While many may think of the word “engagement” as a buzzword, here’s the truth: customer engagement is a critical component for success for brands across all industries. After all, brands are increasingly fighting for consumer attention. Luckily, from machine learning to loyalty programs, there are plenty of actionable strategies to fortify your relationship with customers. Let’s dive in.
Maximize Loyalty Programs
Research shows that it costs 5 to 25 times more to acquire a new customer than selling to an existing customer. Plus, existing customers spend 67% more. So, it goes without saying that repeat customers are an invaluable asset. One key way to keep customers engaged is through loyalty programs. Of course, not all loyalty programs are created equally. The types of rewards a grocery store offers are vastly different from an airline’s rewards. However, across all industries, 77% of loyalty programs fail within the first two years — namely because of an inability to effectively tap into data.
A shining example of a customer loyalty program that works is Amazon Prime, and it shows in the numbers. Amazon actually loses an estimated $1 billion per year on Prime free shipping, but Prime customers spend an average of $1,200 per year on the site (compared to the $500 per year from non-Prime customers) — so, Amazon more than makes up for the loss.
So, if you’re not an Amazon of the world, how do you ensure your loyalty program succeeds? One way is by using machine learning (ML) to improve it. With the right team and enough data, models often take less than two months to build and train. As for how you can use it to improve a loyalty program, it depends on what metrics are most important to your team. Start with questions like: Which customers are most likely to engage with our offers? Are certain types of offers more likely to boost loyalty? From there, an ML model can work to identify patterns and help answer your biggest questions — allowing your team to better organize your loyalty strategy.
The travel industry highlights how machine learning can help identify patterns to boost loyalty program success. American Airlines, for example, is known for sending highly personalized messages to their reward members. That personalized messaging includes information about frequent flyer miles and upgrades, but also about flight information and what to do once a customer reaches their scheduled destination. In part, these personalized recommendations are created based on behavioral data from similar customers who made purchases in the past.
Personalize User Interactions
If you’re not personalizing, you’re losing a huge chunk of business — research has shown an overwhelming 91% of consumers are more likely to shop with brands who provide recommendations and offers they find personally relevant.
If you’re still not convinced, here are some more statistics: about 80% of consumers are more likely to purchase a product or service from a brand offering personalized experiences, and 72% of consumers say they only engage with marketing if it has a personalized message.

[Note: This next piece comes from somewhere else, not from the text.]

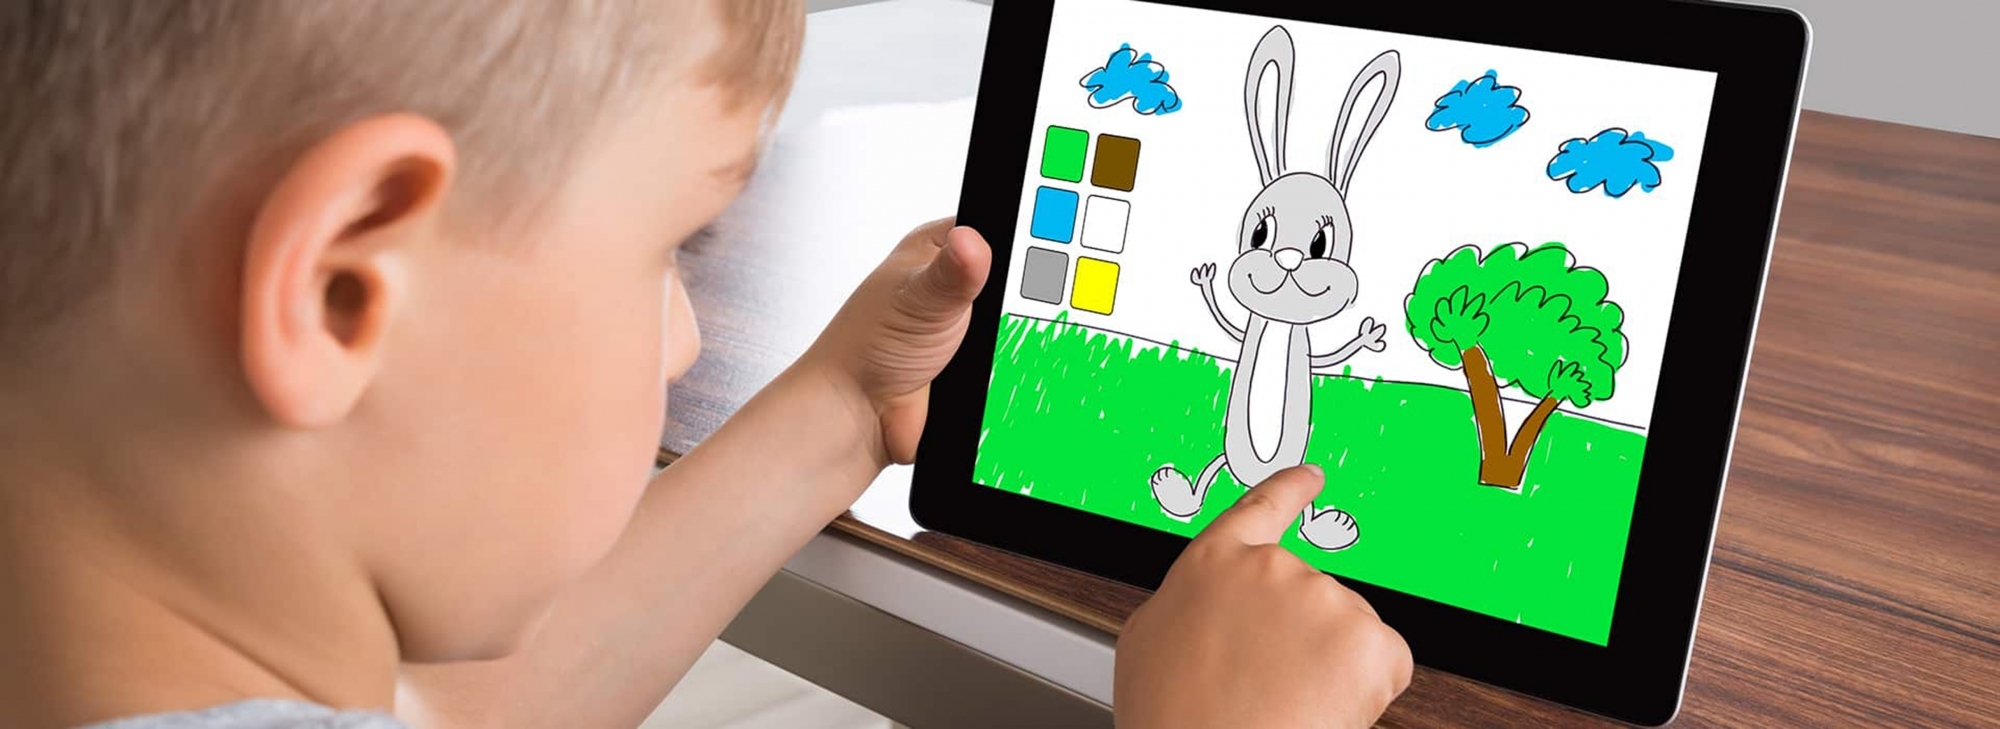 Les contenus numériques bien choisis aident les enfants à développer leur créativité.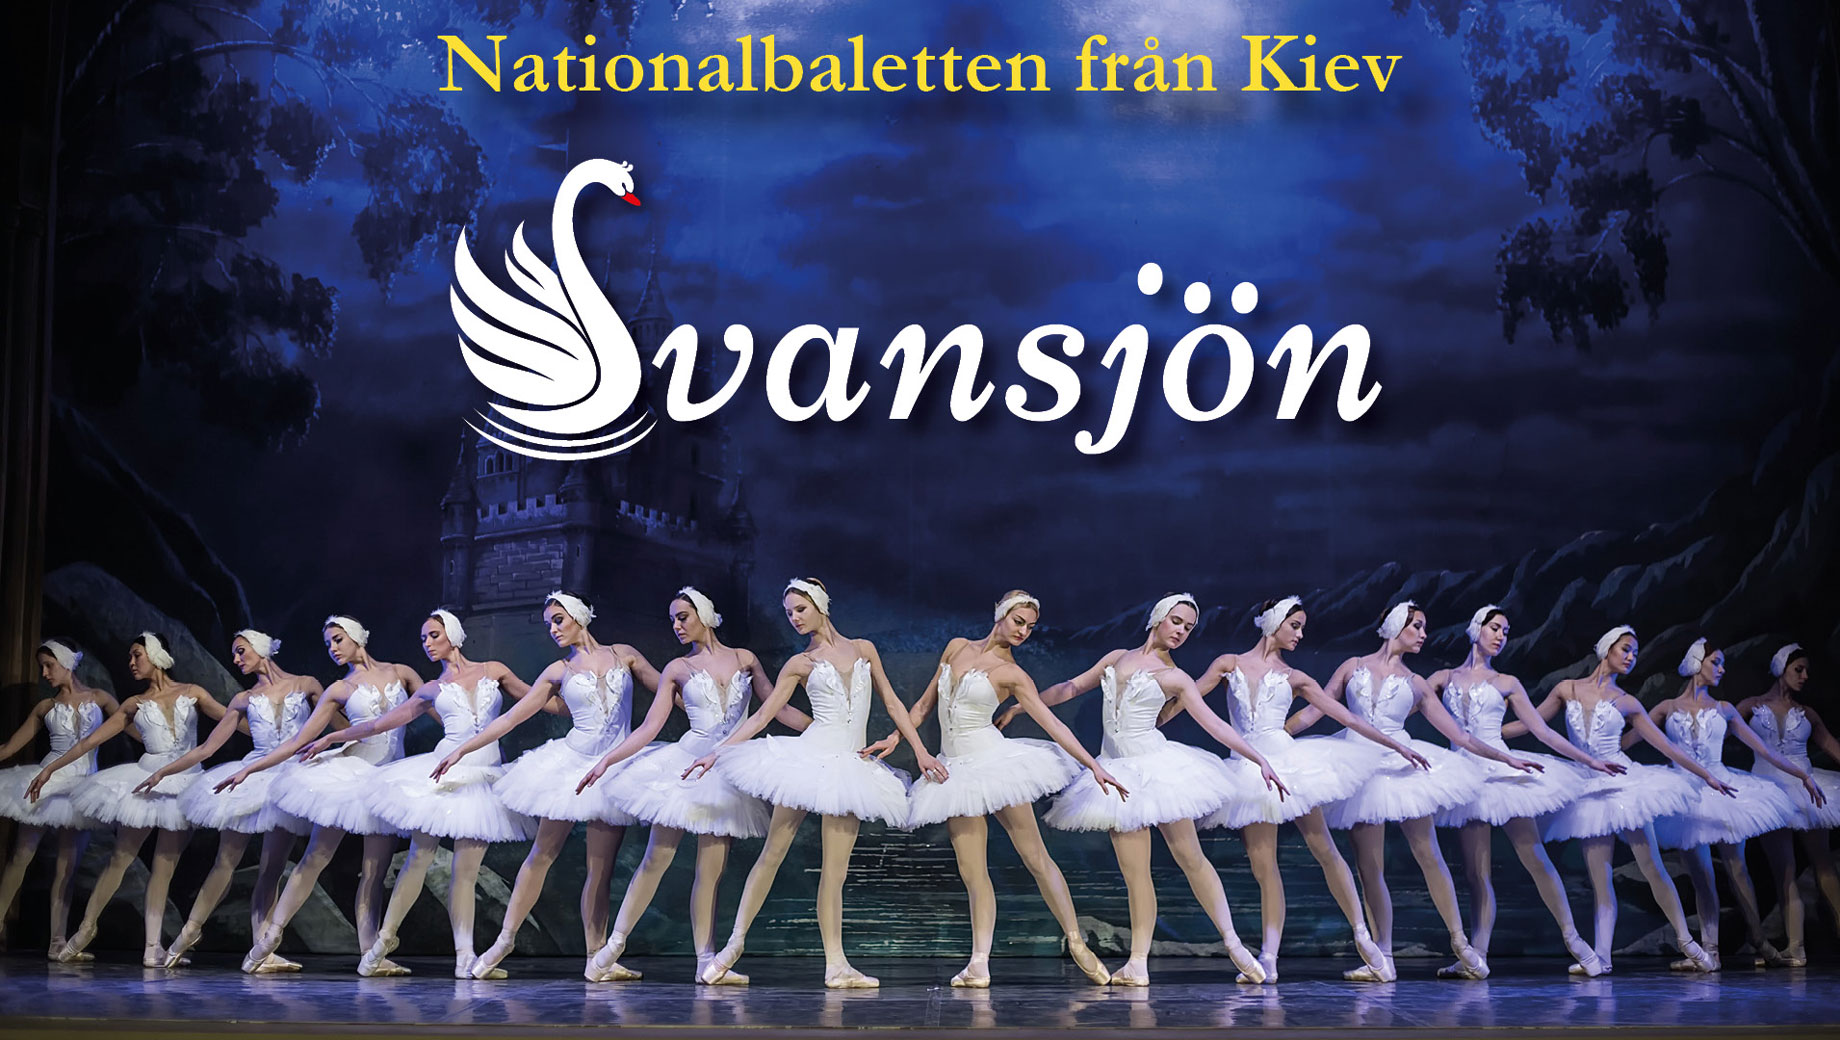 Svansjön - Nationalbaletten från Kiev

So, where is the best place to start with building a meaningful personalization strategy? Let’s circle back to loyalty programs for a moment. To customize user experience, loyalty programs can provide a treasure trove of information on consumer habits, preferences and interests. Take a cue from Caffè Nero, a UK-based coffee house chain that used loyalty program data to achieve meaningful personalization. The company targeted loyalty cardholders with a three-point personalization strategy built with behavior mapping and persona segmentation. Effectively, the customer loyalty program doubled as a data collection center at every customer touchpoint, allowing the business to see exactly where a customer was in their buyer’s journey and provide tailored content based on their touchpoints.
Additionally, your team can personalize user interactions by leveraging zero-party data. Zero-party data — or information that customers proactively share with your business — can be collected by enticing customers with experiences like surveys, quizzes, and questionnaires. Plus, zero-party data has become more important than ever to emphasize in light of upcoming data privacy laws like CCPA.
Gathering Holistic Audience views
To engage your customers, you need to know who they are. Between data management platforms, customer data platforms, and all the other platforms marketers use, it can be hard to achieve that sort of understanding. By merging cross channel data with data orchestration, marketers will be able to make data-driven decisions when it comes to rolling out campaigns. In terms of engagement, this means understanding what messaging works, how audiences from different channels intersect and the best way to personalize cross-channel strategy (whether it’s online or offline.)
When companies use data orchestration, they are combining the best features of DMP and CDP. More specifically, data orchestration merges disparate data sources and with that centralized data, creates holistic customer views, which can be sliced and diced by channel, device or segment. Data orchestration also provides marketers with a single place to activate audience data across all channels. Any data collected from campaigns in a data orchestration platform is automatically fed back into the system for continual iteration and improvement. The result? An ability to truly understand customers and their behavior no matter where they interact with your brand — increasing inter-departmental transparency, minimizing manual reporting and maximizing opportunity for meaningful customer connections.
At the end of the day, boosting your customer engagement takes experimentation and patience. Companies must make major investments to perform a true overhaul, but ultimately, finding the right combination of what works (and learning from what doesn’t) will translate to improvements in customer satisfaction and loyalty long-term.